[[ Data open ]]
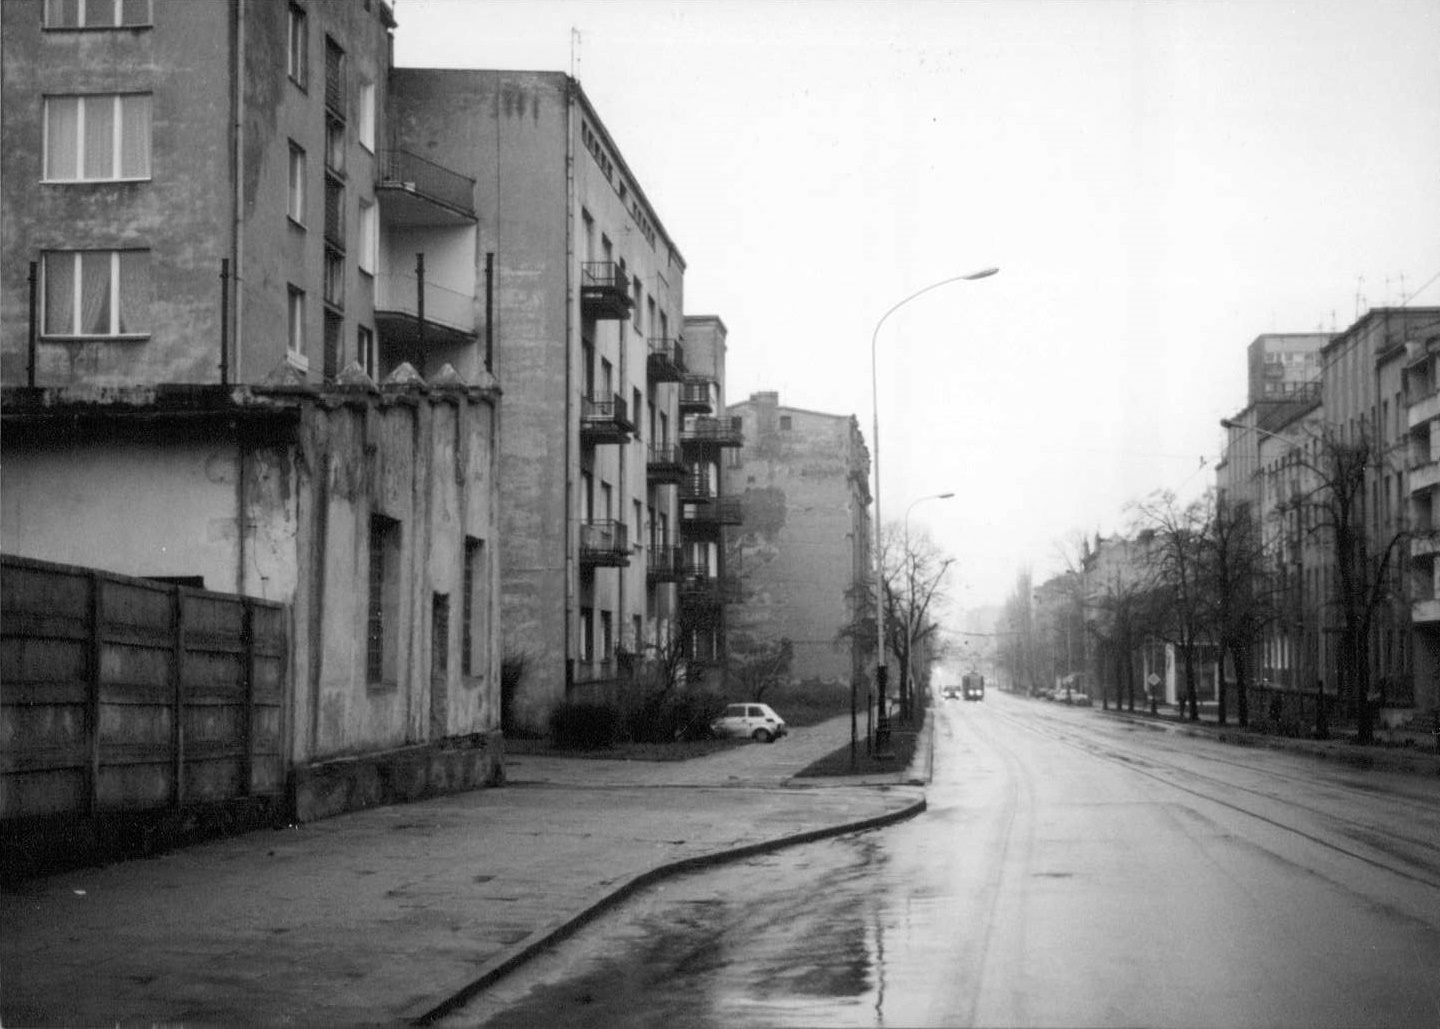 Łódź street scene, 1990
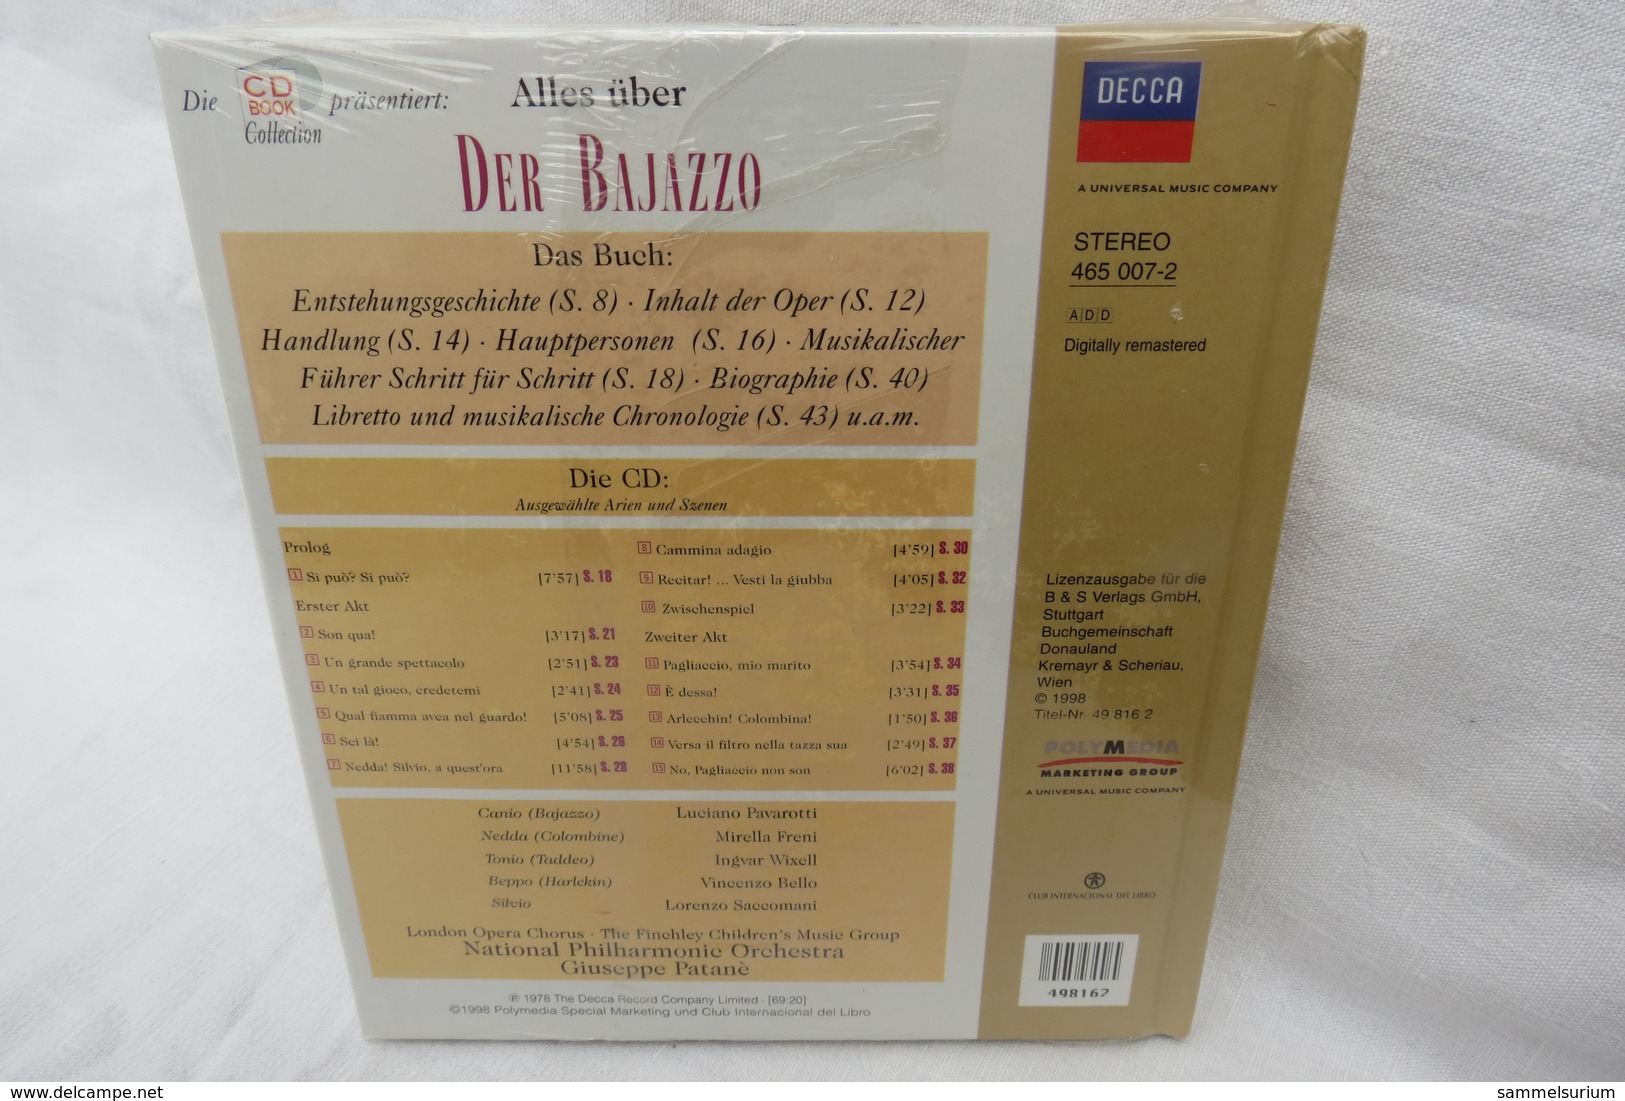 CD "Der Bajazzo / Ruggero Leoncavallo" Mit Buch Aus Der CD Book Collection (ungeöffnet, Original Eingeschweißt) - Opéra & Opérette
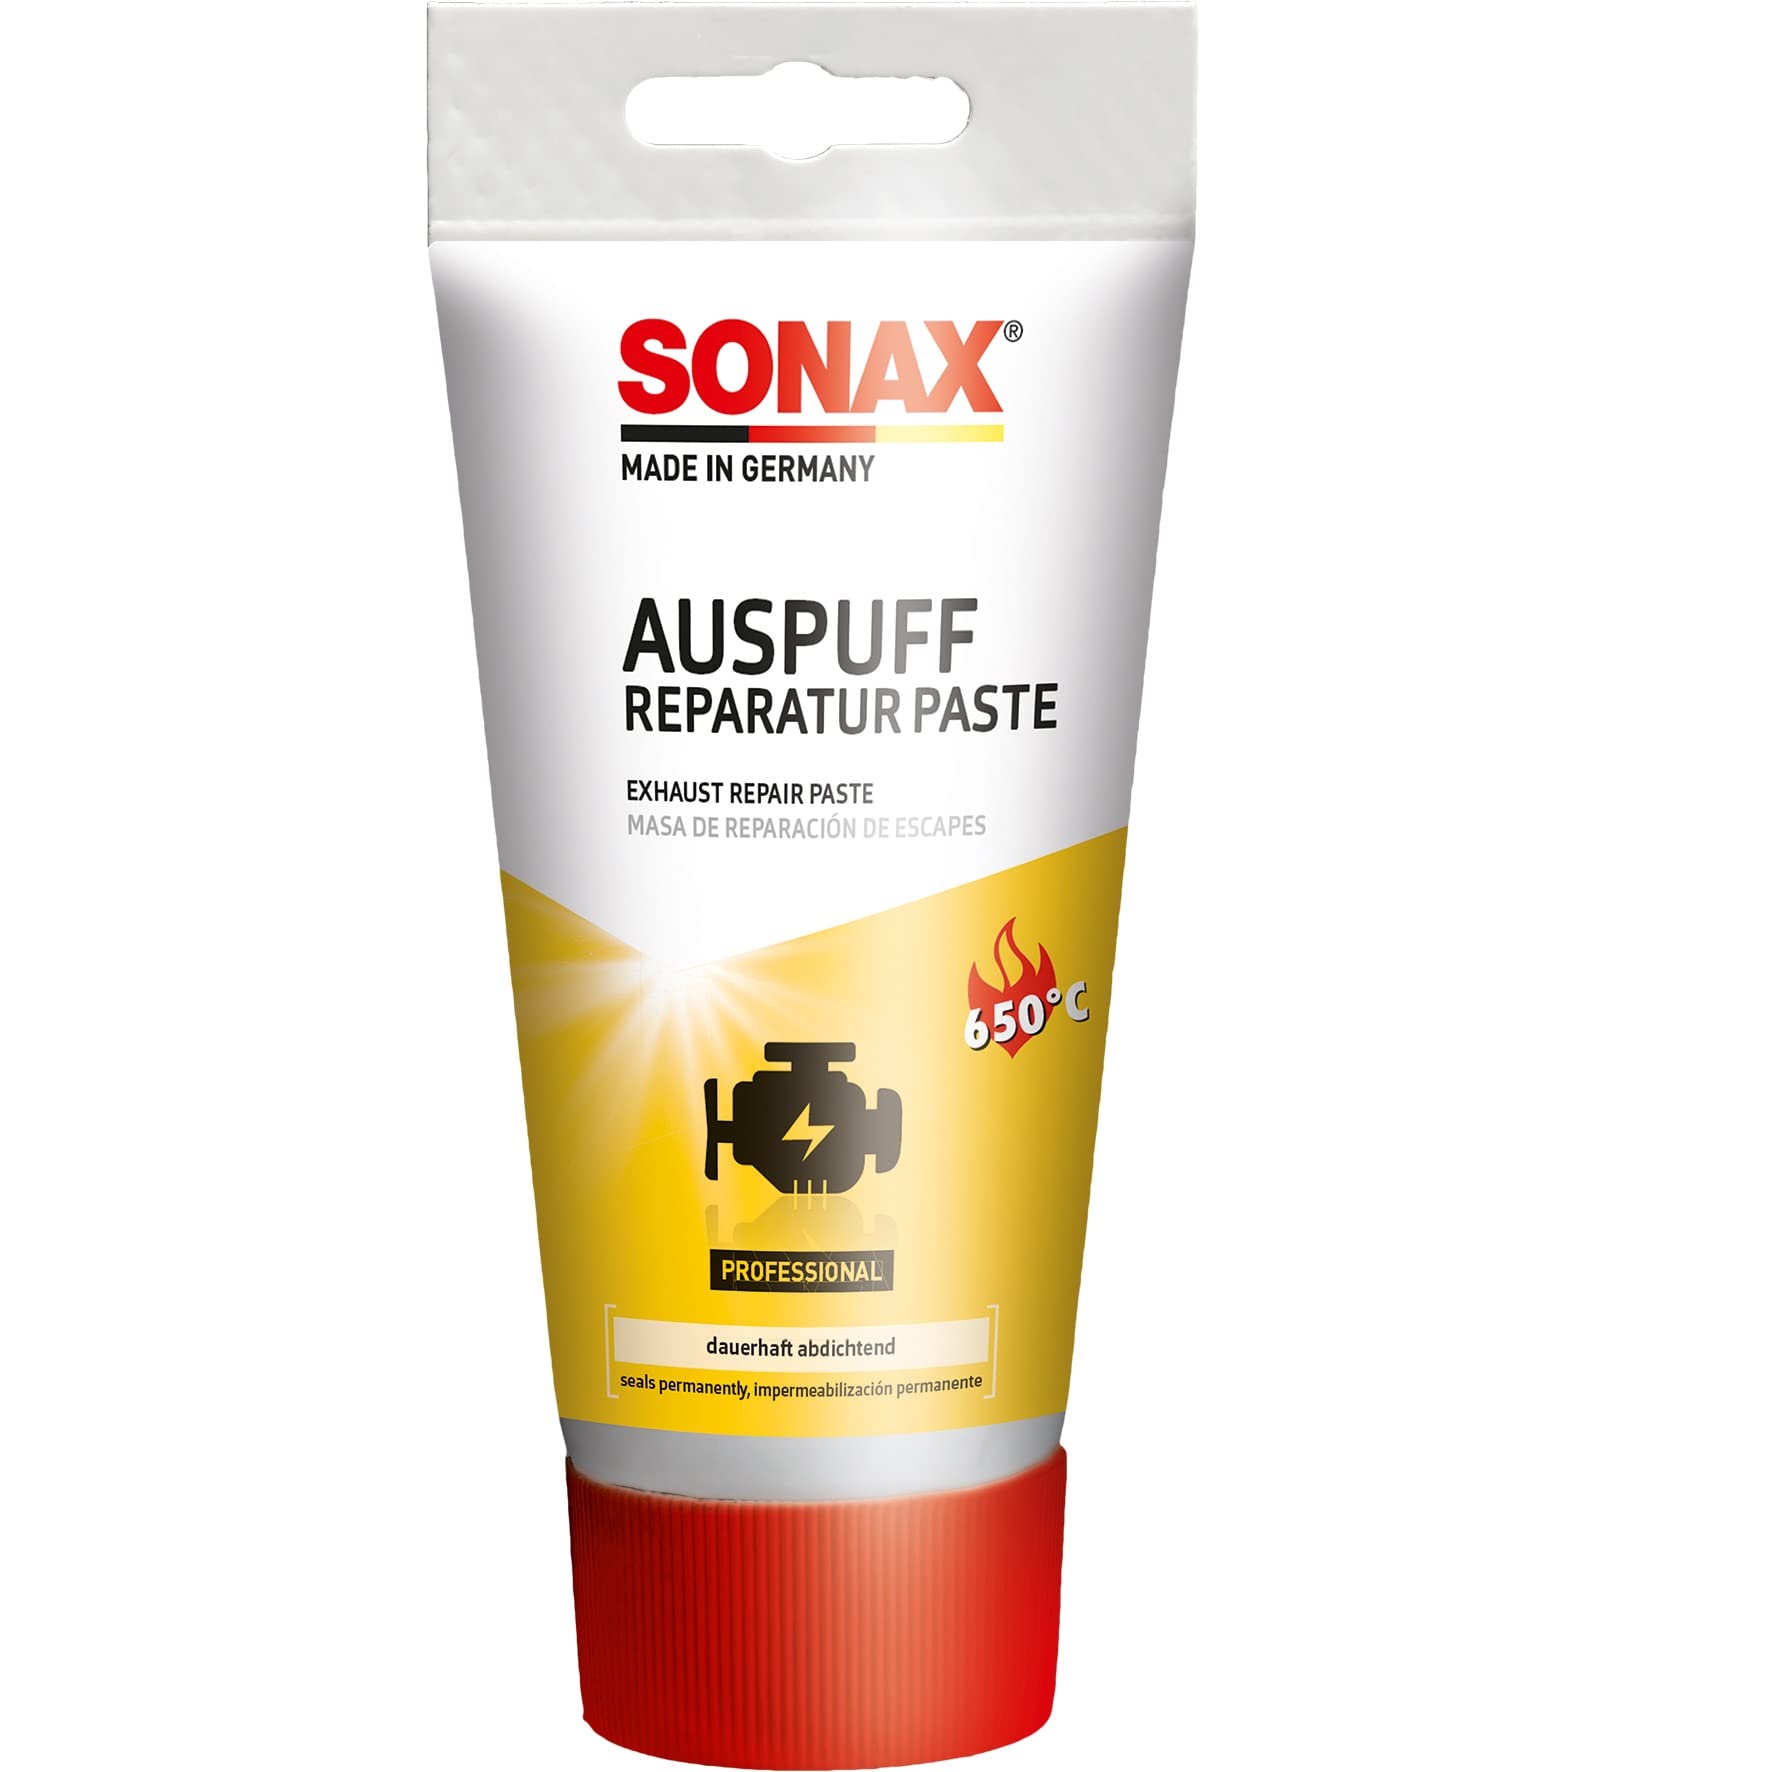 SONAX AuspuffReparaturPaste (200 g) Verschließt kleine Risse, Löcher und undichte Stellen dauerhaft, schnell und absolut gasdicht | Art-Nr. 05531000 von SONAX
[[ Data closed ]]
— Exercise requirements —
Repeat the data in full and exactly. Omit pictures.

— Your solution —
 Łódź street scene, 1990
 CD "Der Bajazzo / Ruggero Leoncavallo" Mit Buch Aus Der CD Book Collection (ungeöffnet, Original Eingeschweißt) - Opéra & Opérette
 SONAX AuspuffReparaturPaste (200 g) Verschließt kleine Risse, Löcher und undichte Stellen dauerhaft, schnell und absolut gasdicht | Art-Nr. 05531000 von SONAX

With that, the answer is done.